TANJUNG, banuapost.co.id– Kodim 1008/Tanjung ikut pelatihan tata cara penggunaan dan pelepasan Alat Pelindung Diri (APD), serta simulasi prosesi pemakaman jenazah Covid-19 sesuai protokol kesehatan, Selasa (2/6).
Pelatihan dilaksanakan sebagai upaya menyiapkan anggota pemakaman, sesuai dengan protokol Kesehatan yang sudah ditetapkan dinas kesehatan dan WHO.
Tiga personel Kodim 1008/Tjg dan tiga personel Kompi A Yonif 621/Mtg yang menjadi petugas tetap Covid-19, bekerja sama dengan Dinas Kesehatan Tabalong, menggelar simulasi prosesi pemakaman jenazah Covid-19 bertempat di RS Badaruddin Kasim Maburai.
Menurut Dandim 1008/Tanjung, Letkol Inf Ras Lambang Yudha, pemberian materi APD dan langkah-langkah pemakaman jenazah dengan protokol kesehatan, sangat penting agar setiap personel jajaran 1008/Tanjung lebih mengerti tentang APD, cara pemakaiannya, serta dalam penerapan mengevakuasi atau membantu masyarakat Tabalong.

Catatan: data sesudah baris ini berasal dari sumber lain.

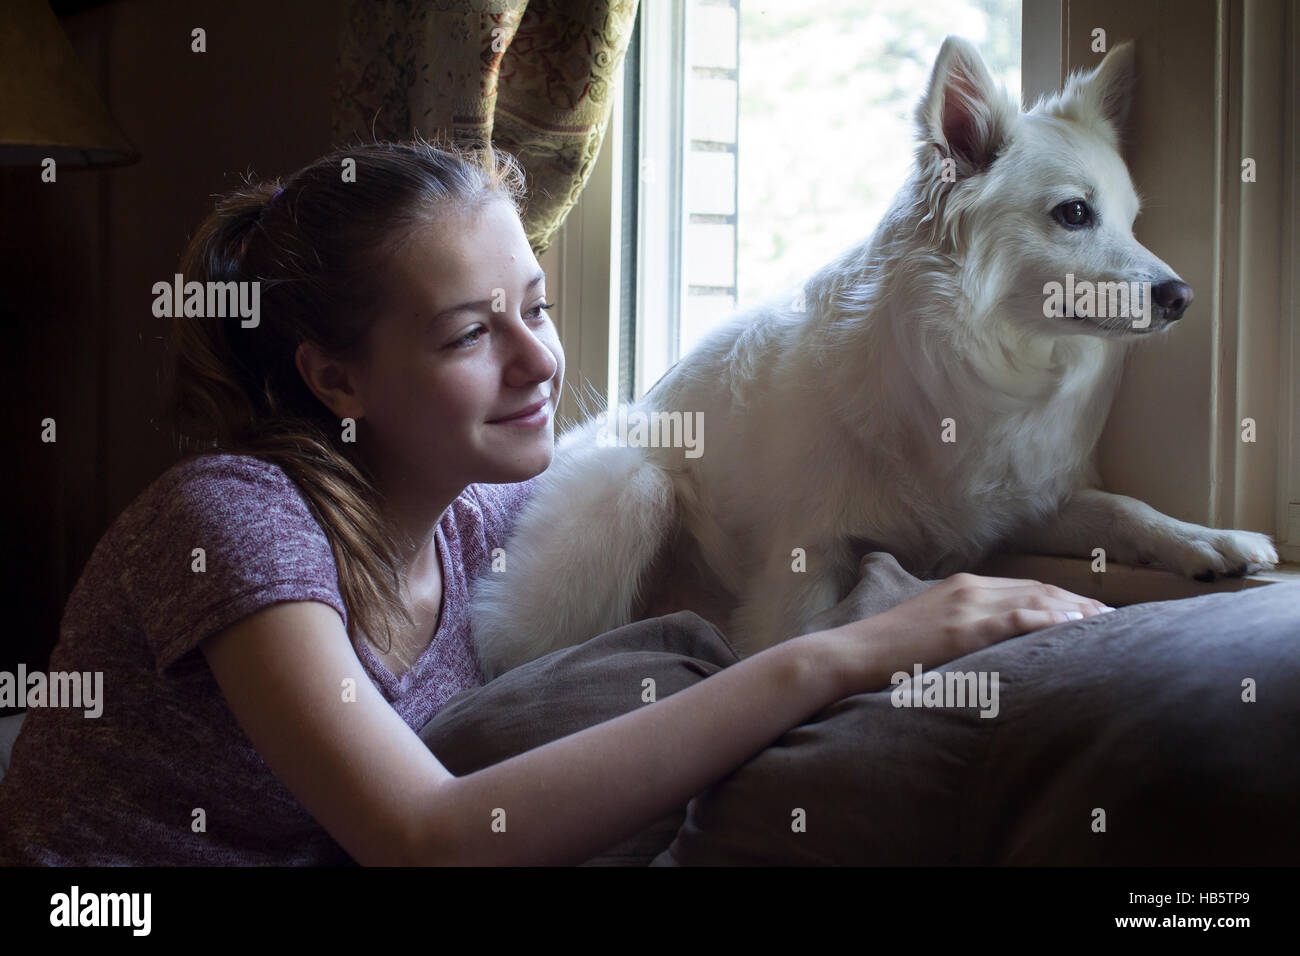 Teenage chica rubia con un perro blanco mirando a través de la ventana Foto de stock

“Penggunaan APD saat mengevakuasi dan membantu masyarakat yang terkonfirm Covid-19, sangat diperlukan sebagai upaya melindungi diri dari penularan, serta memutus rantai penyebarannya” jelas dandim.
Melalui simulasi, sambung dandim, ingin mengetahui kemampuan dan kesiapan para anggota dalam hal penanganan korban Covid-19 yang meninggal di wilayah.
“Sehingga apabila hal tersebut terjadi, setidaknya kami sudah siap untuk melaksanakan tugas tersebut,” imbuhnya.
Latihan dimulai dengan pengetahuan bagaimana cara penggunaan dan melepas APD yang benar, yang kemudian langsung dipraktekkan cara penggunaannya oleh tim penanggulangan Covid-19.
Kemudian dilanjutkan dengan beberapa langkah yang dilakukan, terkait penanganan prosesi pemakaman jenazah. Hingga cara melepaskan APD dan cara penseterilan personil setelah pemakaman.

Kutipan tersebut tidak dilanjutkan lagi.